L'affaiblissement important du PPE, de l'Alde et l'affaiblissement plus limité du S&D (grâce à l'apport du Pd de Renzi), ajouté à la montée en puissance des formations anti-européennes, rend plus incertaine la perspective d'une nouvelle édition de la Grosse Koalition - Mais la vague procédure instaurée par le traité de Lisbonne pourrait re-proposer cette solution.

Commission européenne, longs délais pour le président. Allons-nous vers la Grosse Koalition ?

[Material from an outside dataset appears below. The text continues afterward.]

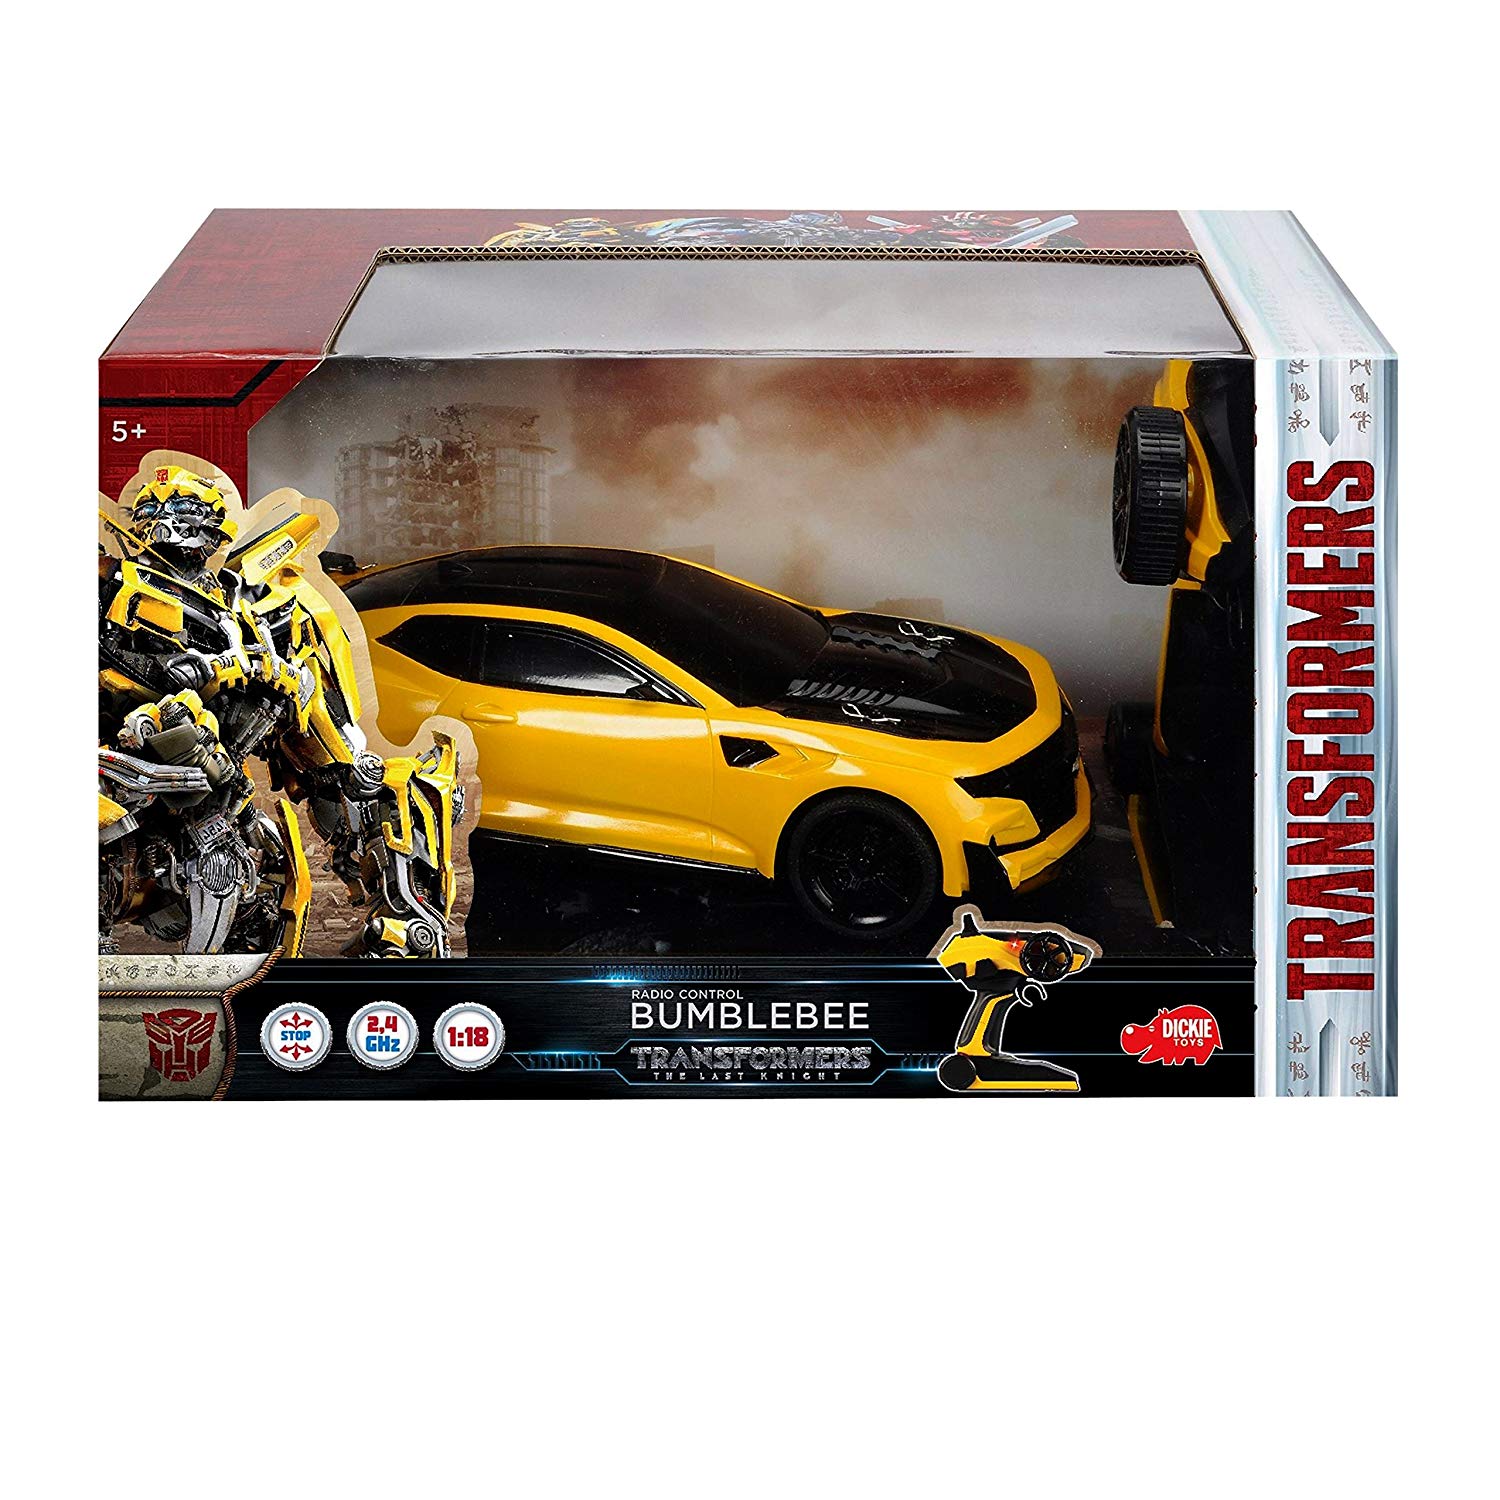 Dickie Toys 203117001 – Remote Control Transformers Bumblebee Game

"Nous avons eu une première confrontation utile." Ainsi s'est exprimé Herman Van Rompuy s'adressant aux journalistes à l'issue du Conseil européen extraordinaire qui s'est tenu à Bruxelles quarante-huit heures après la clôture des urnes pour l'élection du nouveau Parlement européen. Une phrase brève et circonstanciée où un seul mot – l'adjectif « premier » – suffit à anticiper immédiatement le sens politique du sommet convivial des 28 chefs d'État ou de gouvernement au Palazzo Justus Lipsius. 

Mais ces dirigeants semblent avoir besoin de temps pour « assimiler », comme disent les psychologues, le choc provoqué par les résultats du vote continental avant de proposer un nom à la nouvelle présidence de la Commission européenne. Confirmant ainsi de fait la pratique selon laquelle le choix du sommet de l'exécutif communautaire était jusqu'à présent une affaire résolue à huis clos par les gouvernements des Etats membres. Et reniant pour l'essentiel, ne serait-ce qu'en partie, la règle introduite fin 2009 par le traité de Lisbonne selon laquelle c'est au Conseil d'indiquer le nom du nouveau président de la Commission, mais c'est à l'Union européenne Parlement de le ratifier à la majorité absolue. 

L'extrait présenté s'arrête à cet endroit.